TCP Audio/Video Chat

TCP Xcvr (or Transceiver) is a point to point audio/video chat program written in Python. It is designed to send audio and video signals between two host IP address on a LAN. It was originally conceived as a learning exercise for the Python socket library, but quickly grew to cover the OpenCV video library, PyAudio, and the TkInter GUI Library. A screen shot of the GUI is shown below.

1. Operation

As shown in the figure, the Xcvr GUI is a no frills TkInter interface with a fewer frills remote host editor. When the program starts, it listens on the local host for remote connections over port 4096. When a remote connection is detected, the local transmit function is initialized, and two way transmission is established. To initiate a connection, select a remote host from the list and click the ‘Select’ button, then click on the ‘Call’ button. The ‘Call’ button turns into a ‘Disconnect’ button which is used to terminate the call.

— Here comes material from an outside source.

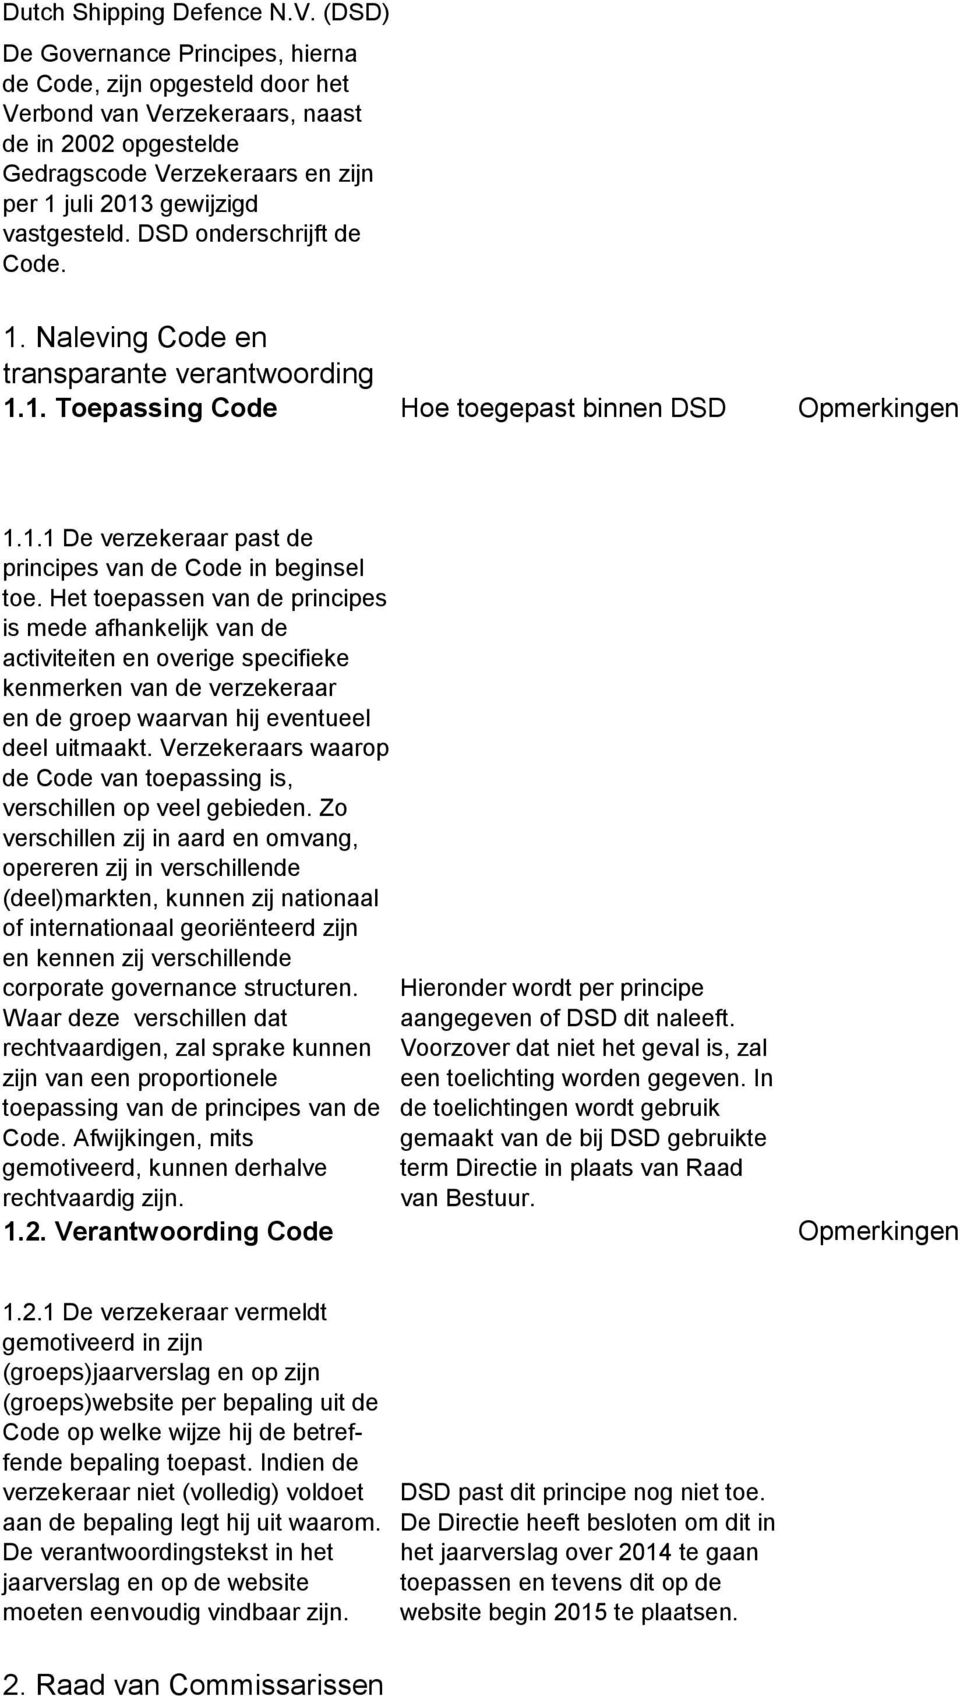 DSD onderschrijft de Code. 1. Naleving Code en transparante verantwoording 1.1. Toepassing Code Hoe toegepast binnen DSD Opmerkingen 1.1.1 De verzekeraar past de principes van de Code in beginsel toe.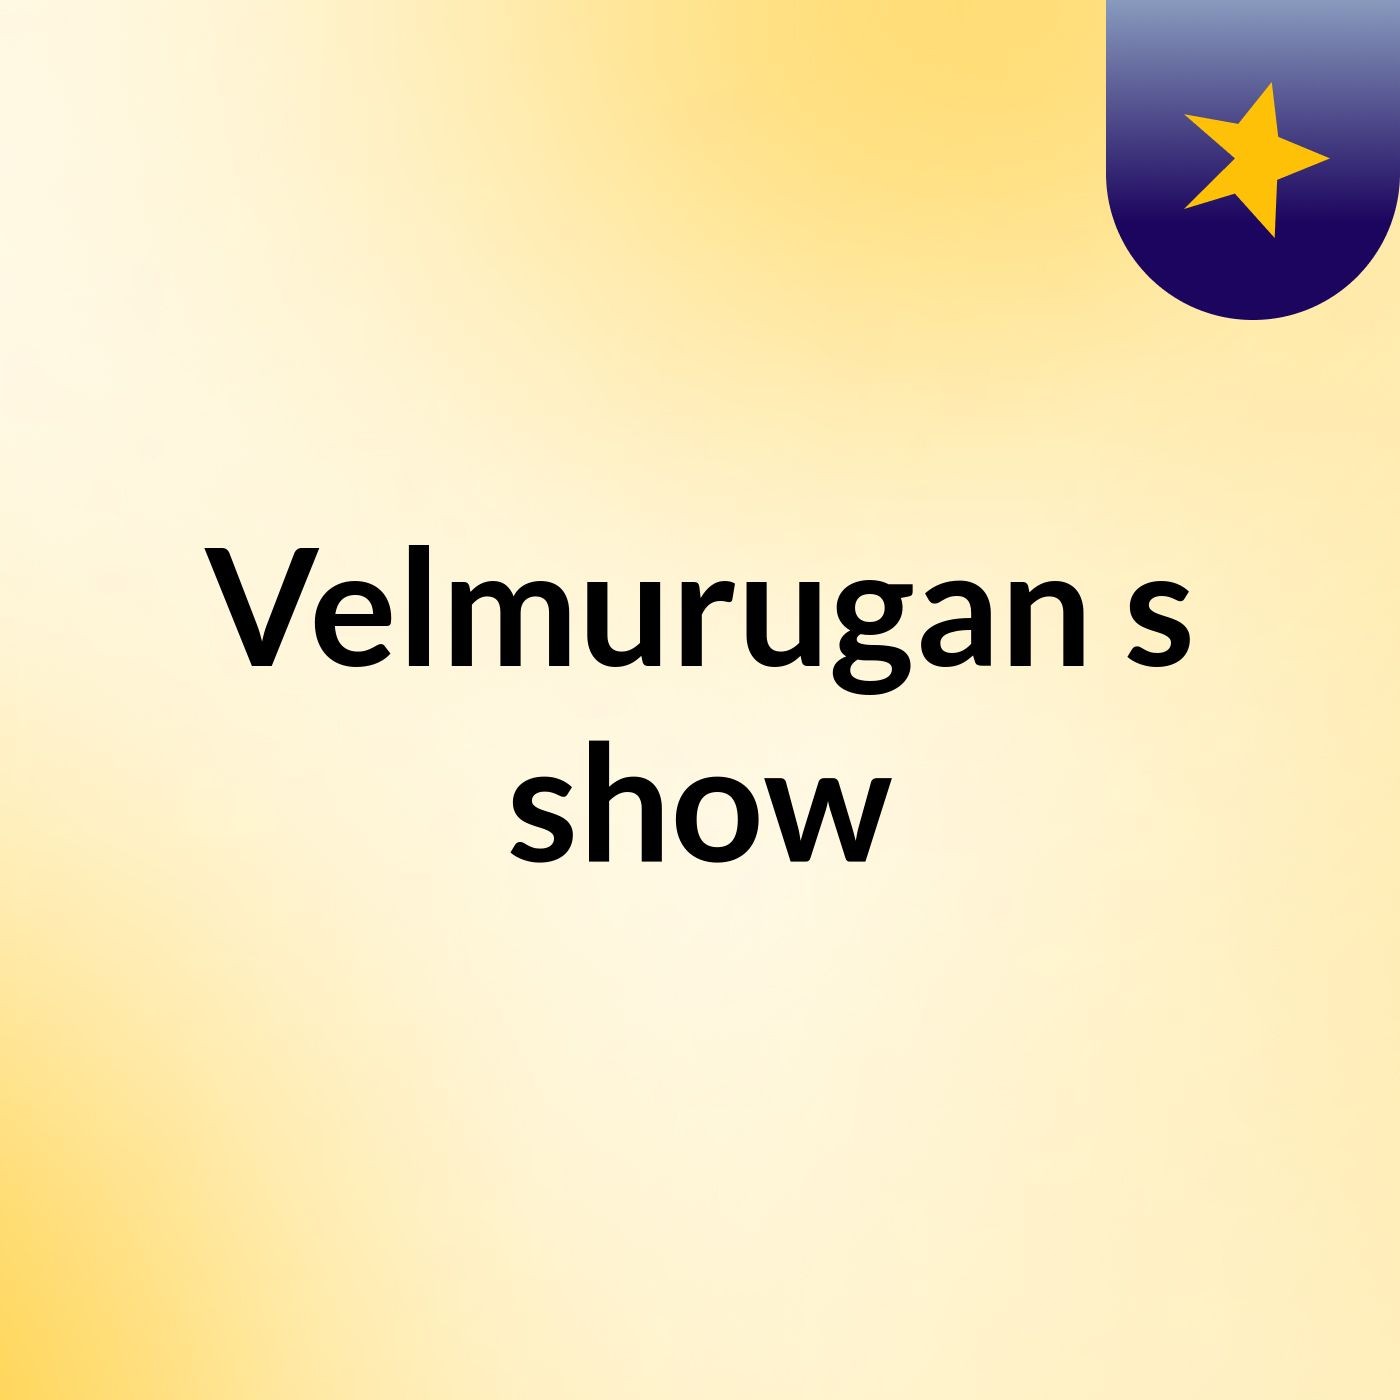 Velmurugan's show

When the program starts, it checks for a ‘remote_hosts.dat’ file which contains the computer name and IP address of each host in the list. If it doesn’t find the file, it creates a temporary list (Host1, Host2, Host3 etc.) which can be edited. To edit the list, click on a name. The name and IP address will appear in the two entry boxes. After editing, clicking on the ‘Edit’ button will update the list and update or create the ‘remote_hosts.dat’ file.

Similarly, clicking on the ‘Add’ button will add the entry box info to the list, and update the file. The ‘Delete’ button will remove a list entry and update the file.

The ‘Exit’ button and the close button in the upper right hand corner terminate the program.

2. Audio Video Synchronization

One of the main stumbling blocks in the program development was how to combine the audio and video, and maintain synchronization. There are a few multimedia libraries around, but they’re either obsolete, or incompatible with Python 3 and Windows. The final method might not be the best but it works and its reasonably straightforward.

The audio/video frame consists of a 4 byte integer which describes the length of the frame followed by a jpeg image frame, followed by an audio buffer of 2048 * 2 = 4096 bytes.

FrameThe Send thread waits until the audio buffer is full, grabs an image from the WebCam thread, calculates the size and sends the frame to the remote host. Repeat as required. This establishes a fixed frame rate based on the audio buffer size and sample rate.

On the receive side, the Receive thread gets the frame size from the first four bytes, receives the entire frame, and extracts the audio and video information. The image is displayed on the GUI and the audio is written to the PyAudio stream. Since the Send and Receive audio buffers are the same size, this synchronizes the Send and Receive functions.

A more detailed explanation can be found in the (hopefully well commented) source code:

3. Running the Program

The program is run in the Python environment using Python 3.4.3 under Windows. The OpenCV 3 library is used for image capture, because it seems to be the only library compatible with Windows and Python 3. All the other libraries (threading, pyAudio etc.) are standard Python libraries available for Python 3.

4. Things To Do

For a learning exercise, this program was very worthwhile since I had to learn everything from the ground up (video, networking, audio etc.). As usual though there are areas for improvement. The actual frame rate for example seems to be about 8 FPS, which is sufficient for a chat program. I suspect that my audio/video synchronization may be slowing things down due to the blocking routines used. A more elaborate synchronization scheme might help. Another problem might be the overhead involved in TCP handshaking. Possibly reworking the networking portions to UDP might speed things up.

Another more serious problem is that the program works as expected on two of my three computers (one Widows 8.1 laptop, and two desktop XPs). Rolling back the webcams driver on the offending XP solved the problem so it looks like an incompatibility with either the PyAudio or OpenCv library might be the culprit. Further investigation may be required.